Доброго времени суток вам. Ситуация следующая - есть комп с сетевой картой и WiFi карточкой. LAN смотрит в инет. как можно раздавать этот инет на ноут через WIFI чтобы не городить вторую сетевуху в комп? для Win7 нашел решение а на ХР не могу(

----------


## Vickhan

Можно воспользоваться этими статьями: http://wisedec.ru/2009/01/24/wifi-dvux-kompyuterov.html и http://www.microdom.by/olddata/artic.../wifiadhoc.htm Или погуглить на тему "Соединение двух компьютеров по Wi-Fi напрямую"

----------


## tom0rrow

Честно говоря, сам хотел бы ответь получить!

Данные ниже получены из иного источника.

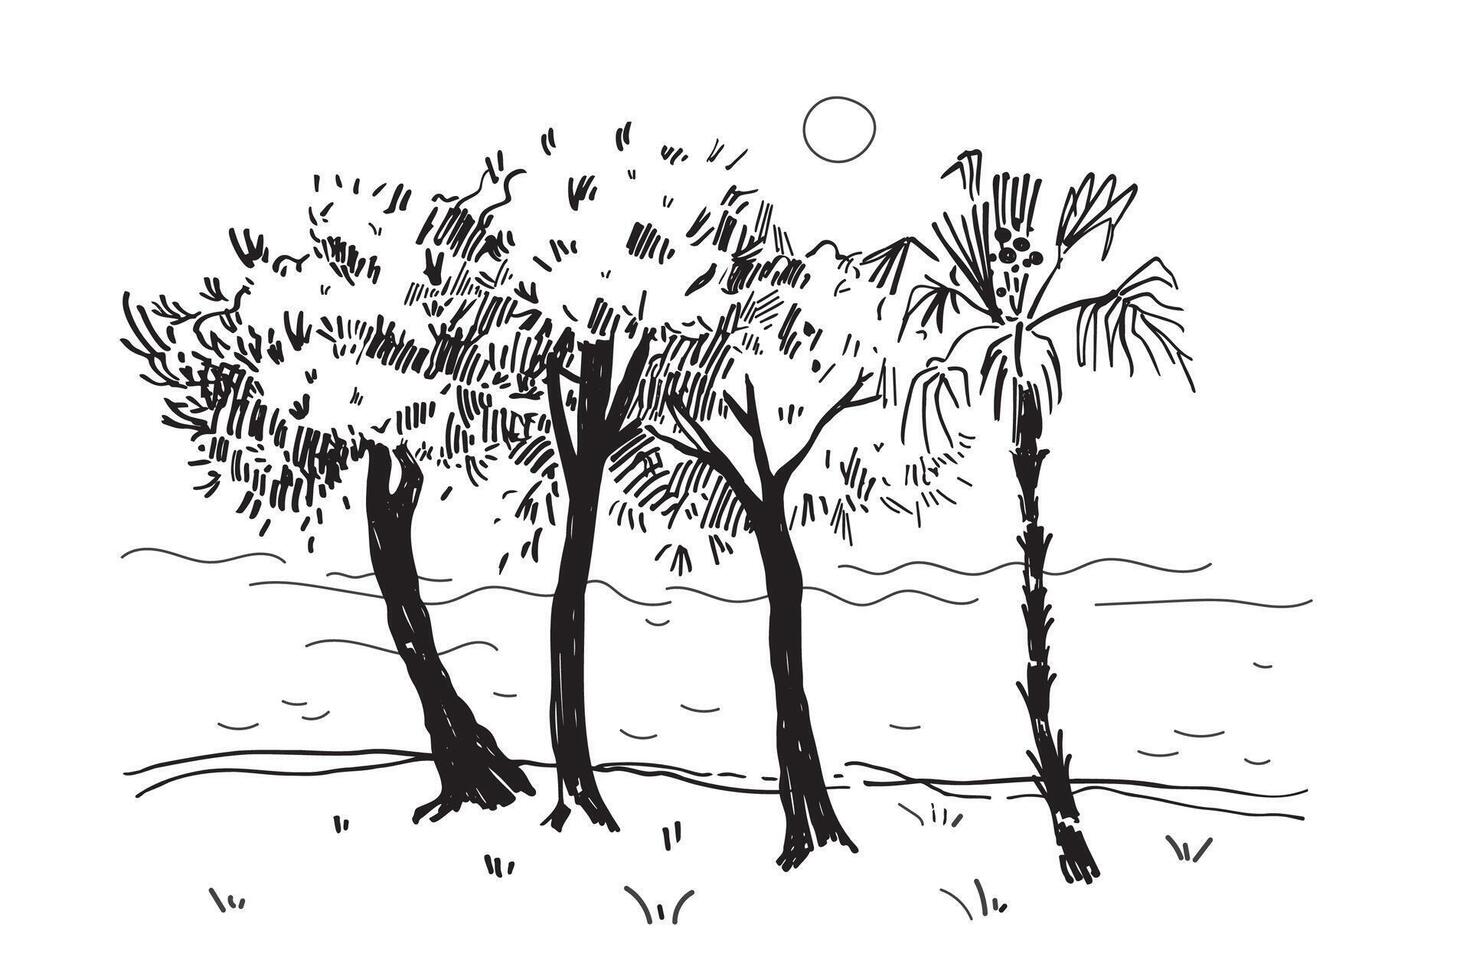 panorama- se av bok träd och lugna hav, bläck skiss hand dragen illustration av havet med handflatan, träd, vatten, Sol, marin motiv. abstrakt kust landskap, linje konst. resa, natur semester vektor

Данная ситуация тоже интересует!

----------


## sheeva

Добрый день.
Пошел по линкам - страницы не отображаются.
Можно попросить какую-нибудь информацию по подключению TP-LINK TL-WN851N (http://market.yandex.ua/model-spec.x...608&hid=723087) в качестве маршрутизатора или ретранслятора из LAN в Wifi?
Спасибо.
Пардон, если некорректно.[COLOR="Silver"]

Забыл добавить - на машие WinXP

----------


## portableman

Есть прога Connectify (если правильно написал) - для этих целей.

----------